YU Dekuang, YANG Yi   

  1. School of Biomedical Engineering, Southern Medical University, Guangzhou Guangdong 510515, China
  • Received:2017-06-29 Revised:2017-08-23 Online:2018-02-10 Published:2018-02-10
  • Supported by:
    This work is partially supported by the Science and Technology Planning Project of Guangdong Province (2014A020212545, 2013B051000054), the Key Platforms and Research Projects of Universities in Guangdong Province (2016GXJK021).


喻德旷, 杨谊   

  1. 南方医科大学 生物医学工程学院, 广州 510515
  • 通讯作者: 杨谊
  • 作者简介:喻德旷(1972-),男,江西南昌人,副教授,博士,主要研究方向:医学信号仿真、医学信息处理;杨谊(1973-),女,广东河源人,副教授,博士,主要研究方向:信息系统设计。
  • 基金资助:

Abstract: Gene data has the characteristics of small sample, high dimensionality and high redundancy, which easily lead to "curse of dimensionality" and "over-fitting" in feature gene selection. To overcome these obstacles, a feature gene selection algorithm, named Mutual Information Maximum Value Filter Criteria-Inertia-Weight Particle Swarm Optimization (MIMVFC-IWPSO), was proposed. Firstly, interaction between genes was calculated by newly defined feature entropies of gene-category and gene-gene, and Feature Gene Candidates Subset (FGCS) was obtained by MIMVFC (Mutual Information Maximum Value Filter Criteria) which reduced the scope of classification operations and improved the probability of feature genes being covered. Secondly, the Particle Swarm Optimization (PSO) algorithm was reconstructed to IWPSO (Inertia Weight Particle Swarm Optimization) by introduction of self-adjusted inertia weight which enabled the algorithm to have strong global optimization ability in the early stage of iteration and strong local search ability in the later stage. Lastly, Core Feature Gene Subset (CFGS) was extracted from FGCS by IWPSO which was exploited in the classification of samples into tumor and normal classes. The experiments were carried out based on three public tumor gene databases. Compared with four popular filter methods, MIMVFC achieved higher correct classification rate than the methods based on Signal-to-Noise Ratio (SNR), t-statistic and Information Gain (IG), and ranked nearly the same as Chi-Square method, but the proposed method still had the optimized step to enhance the results furthermore. For the same FGCS, compared with BPSO-CGA (Binary Partical Swarm Optimization and Combat Genetic Algorithm), an algorithm with good performance, IWPSO gained a smaller CFGS with slightly increased time consumption and a higher accuracy; compared with classic PSO, IWPSO gained a smaller FGCS with less time consumption and a higher accuracy. The simulation results show that MIMVFC-IWPSO has comprehensive classification performance in both the aspects of accuracy and efficiency which proves to be feasible and effective in feature gene selection of multiple types of tumors, and it can be employed in assisting instruction in molecular biology experiment design and validation.
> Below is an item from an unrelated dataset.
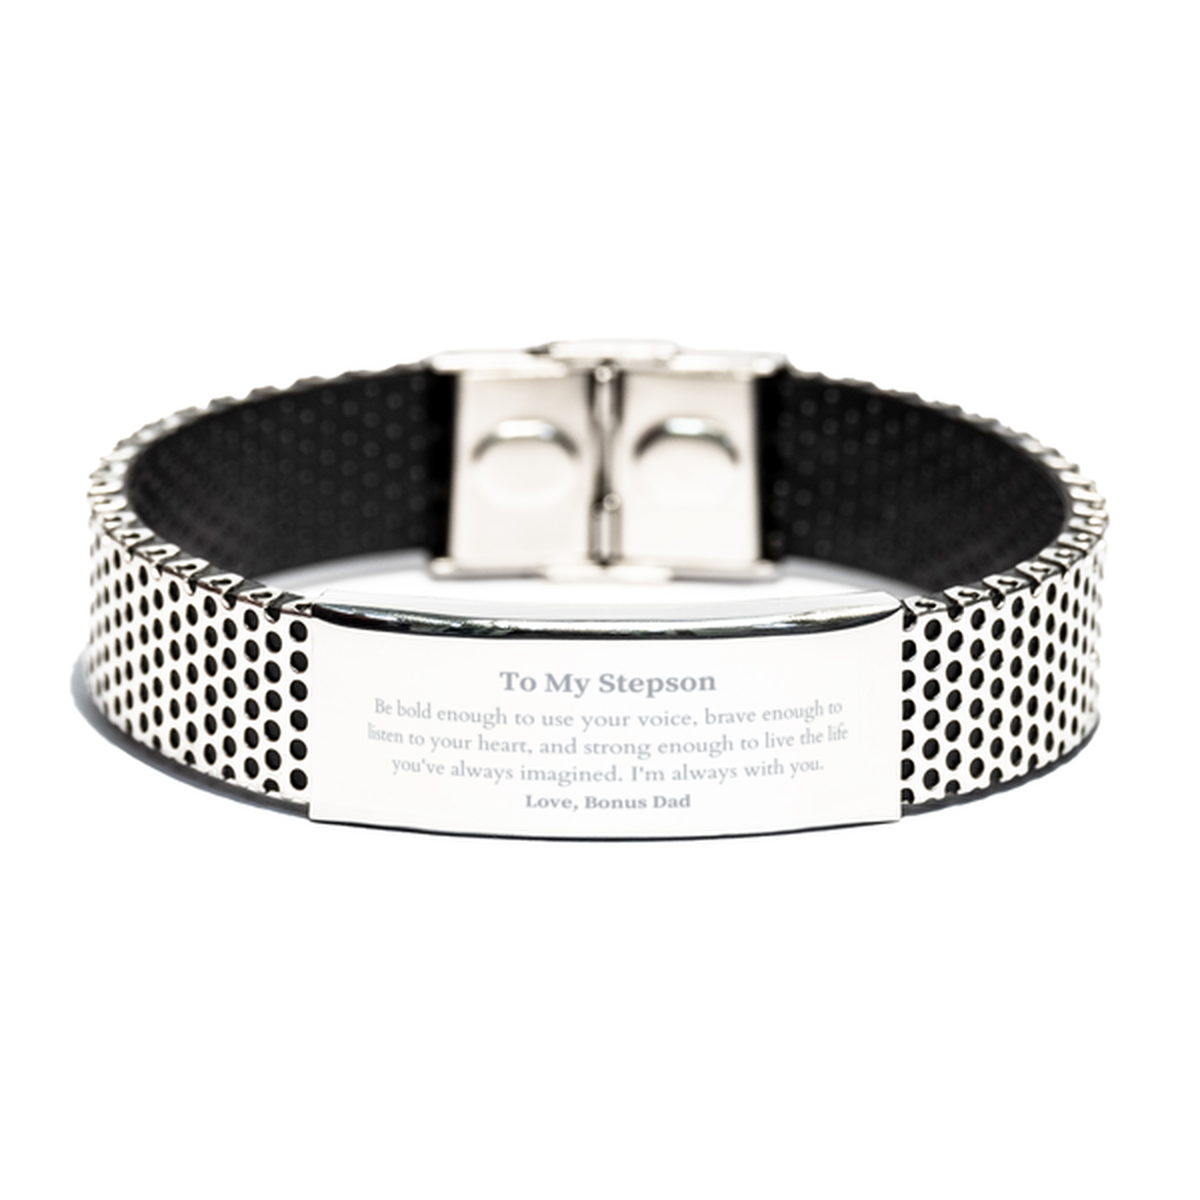 Keepsake Stepson Stainless Steel Bracelet Gift Idea Graduation Christmas Birthday Stepson from Bonus Dad, Stepson Be bold enough to use your voice, brave enough to listen to your heart. Love, Bonus Dad
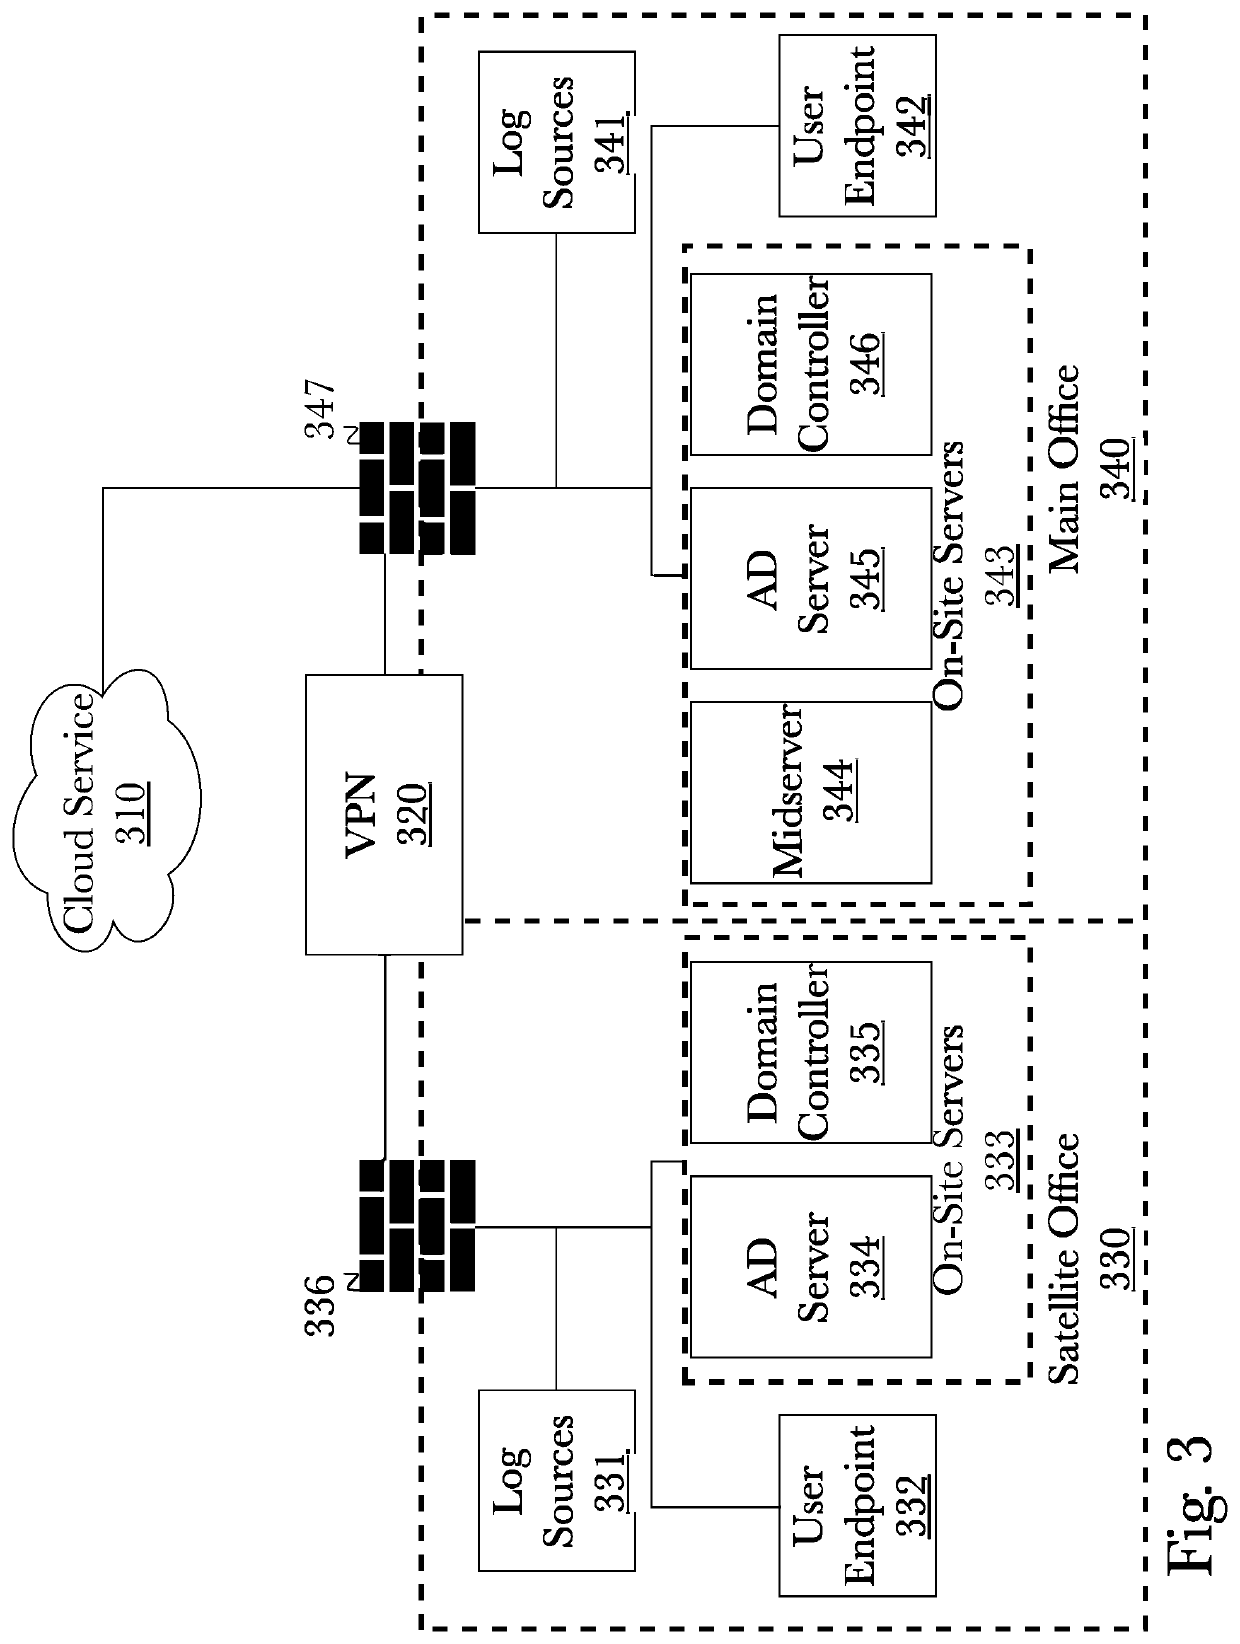 System and method for midserver facilitation of long-haul transport of telemetry for cloud-based services

Key words: tumor feature gene selection, Mutual Information Maximum Value Filter Criteria (MIMVFC), Particle Swarm Optimization (PSO) algorithm, Feature Gene Candidate Subset (FGCS), Core Feature Gene Subset (CFGS)

摘要: 基因数据小样本、高维数、高冗余的特点常导致特征基因选择出现"维数灾难"和"过拟合",针对这一问题,提出一种特征基因提取算法——互信息最值过滤原则-惯性权重粒子群优化(MIMVFC-IWPSO)算法。首先,借鉴过滤法的思路,通过计算互信息指标,依据互信息最值过滤原则(MIMVFC)获得特征基因候选子集(FGCS),缩小分类操作的范围,提高特征基因被覆盖的概率;接着,对粒子群优化(PSO)算法进行改进,引入惯性权重实现自调节可变惯性权重粒子群优化(IWPSO)算法,使得在算法迭代初期有着快速的全局优化能力,而在算法后期具有较强的局部搜索能力;最后,运用IWPSO从FGCS中提取核心信息基因子集(CFGS),并基于CFGS对样本进行肿瘤与正常组织的分类。采用3个公开的肿瘤基因表达谱数据进行实验,MIMVFC正确分类率优于信噪比(SNR)、t-检验和信息增益(IG)方法,与卡方统计值(Chi-Square)方法接近,而MIMVFC还能利用IWPSO进一步优化结果。基于相同的FGCS,与目前效果较好的二进制粒子群优化与防治基因算法(BPSO-CGA)相比,IWPSO的运算耗时有所增加,但所获得的CFGS规模减小,准确率提高;而与经典PSO相比,所获得的CFGS规模减小、运算耗时减少、准确率提高。实验结果表明MIMVFC-IWPSO具有较好的综合分类性能,能有效提高准确率和效率,可用于多种肿瘤的特征基因选择,辅助指导分子生物学实验设计和验证。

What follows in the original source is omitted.